Other authors used high performance liquid chromatography (HPLC) with diode array detection (DAD) for determination of clomazone in soybeans; the calculated limit of quantification for this method was 0.05 mg/kg40. Also in other studies in soybeans, the same technique was used using florisil as a sorbent for cleanup. In this case, the limit of quantification was 0.01 mg/kg41. Metazachlor was determined in oilseed rape using the reverse-phase HPLC (RP – HPLC) with UV – VIS detection, where the limit of quantification was 0.8 mg/mL42. In other studies, HPLC with DAD detection41, HPLC with UV detection, and gas chromatography with ECD detection were used to determine clomazone in soil43. For the determination of metazachlor in soil, gas chromatography with mass spectrometry was used, with sorbents: PSA, C18, GCB, MgSO4 (PSA and C18), which selectively adsorb interferences from soil, such as organic matter or humic acid (GCB adsorbs pigments and MgSO4 adsorbs water from the extract). In this case, the limit of quantification was 0.01 mg/kg44.
The aim of this study was to analyze the behavior of clomazone and metazachlor residues in soil and in rapeseed plants. Other studies showed relatively rapid dissipation of herbicides used on weeds, mainly during their germination. After application of these agents, the weeds do not grow, or after the emergence, they became white and dry out.
According to other authors, the half-life of clomazone in the soil was 7.48 days41 or 6–59 days45. Quayle et al.46 also determined the degradation time of this herbicide in soil, and it was found to be t½ = 14.6 days, while the maximum concentration of clomazone in the soil was 202 μg/L, therefore, after 18.4 days the compound was degraded to the levels appropriate for preservation of aquatic ecosystems. According to the Pesticide Properties Data Base (PPDB), atypical value of t½ for clomazone in field soil is equal to 22.6 days, but according to the EU dossier, this herbicide half-life in soil ranges between 6.3 and 145.7 days (lab studies), and 9.3 and 195 days (field studies)47.

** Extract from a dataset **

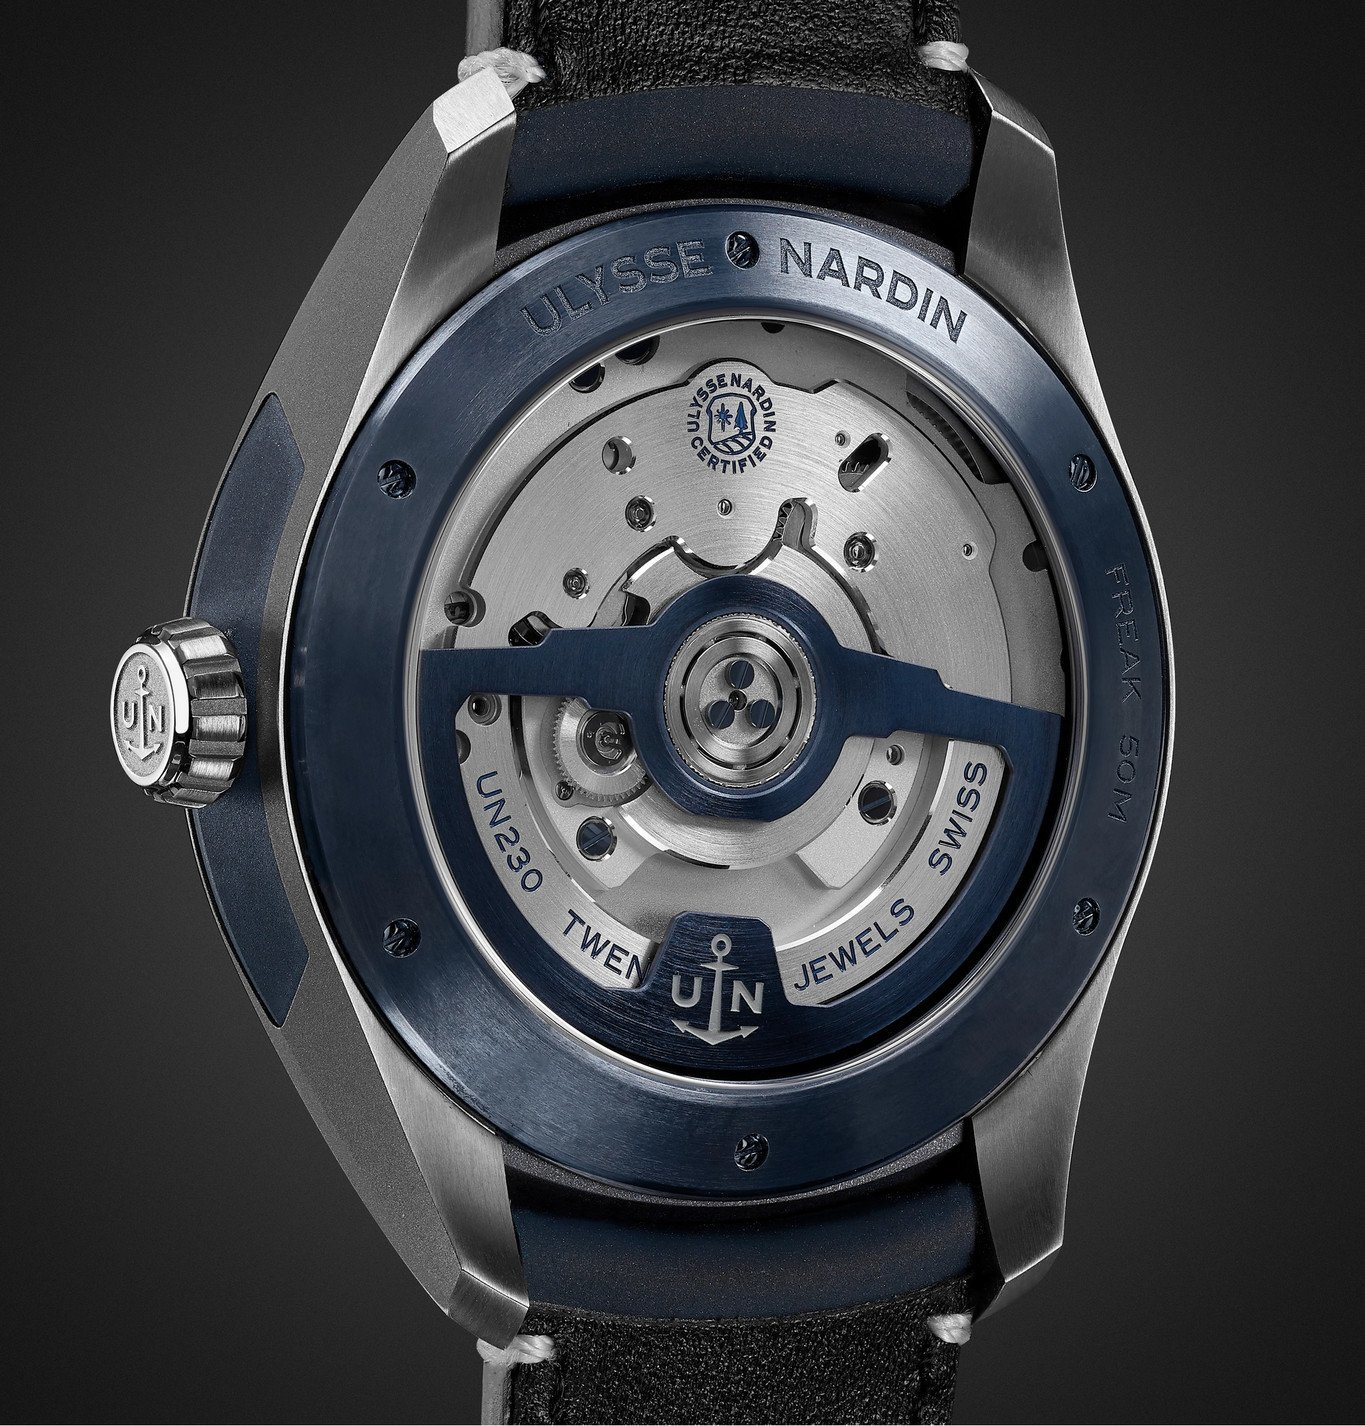 Ulysse Nardin - Freak X Automatic 43mm Titanium and Leather Watch, Ref. No. 2303-270.1/03 - Blue

On a basis of dissipation results for metazachlor in soil48, it can be stated that its half-life ranges between 10.92 and 12.68 days, and this herbicide was detected in the soil even 170 days after spraying. Levels of metazachlor residues in the soil were also calculated for the years 2003–2005 by Kucharski and Badowski43. The obtained values were within range of <0.001–0.021 mg/kg. Taking into account the results from the whole research period, at the time of crop harvesting the residues of the tested herbicide were detected in 80% of soil samples43. According to PPDB for soil in field conditions, a typical value of t½ for metazachlor in soil is equal to 8.6 days, but according to the EU dossier, half-lives for this herbicide in soil range from 5.5 to 25.3 days (lab studies) and 2.8 to 21.3 days (field studies)47.
The results of our study indicate that temperature can influence dissipation of clomazone and metazachlor in soil. In the laboratory conditions clomazone and metazachlor half-lives were shortened by 0.7 days and 4.5 day, respectively, in comparison to the field values. The average temperature was 20.8 °C (ranging from 13 to 27 °C) in the field and was maintained at 22 °C ± 1 °C in the laboratory conditions. The higher and stable temperature, together with the more stable moisture content of soil in the laboratory (36 ± 2%) than in the field (35 ± 10%) could lead to a more effective biodegradation process. Generally, as the temperature and humidity increase, the microbial degradation process accelerates. Periods of drought or low temperatures inhibit the growth of microorganisms, resulting in slowing down the decomposition of herbicides11.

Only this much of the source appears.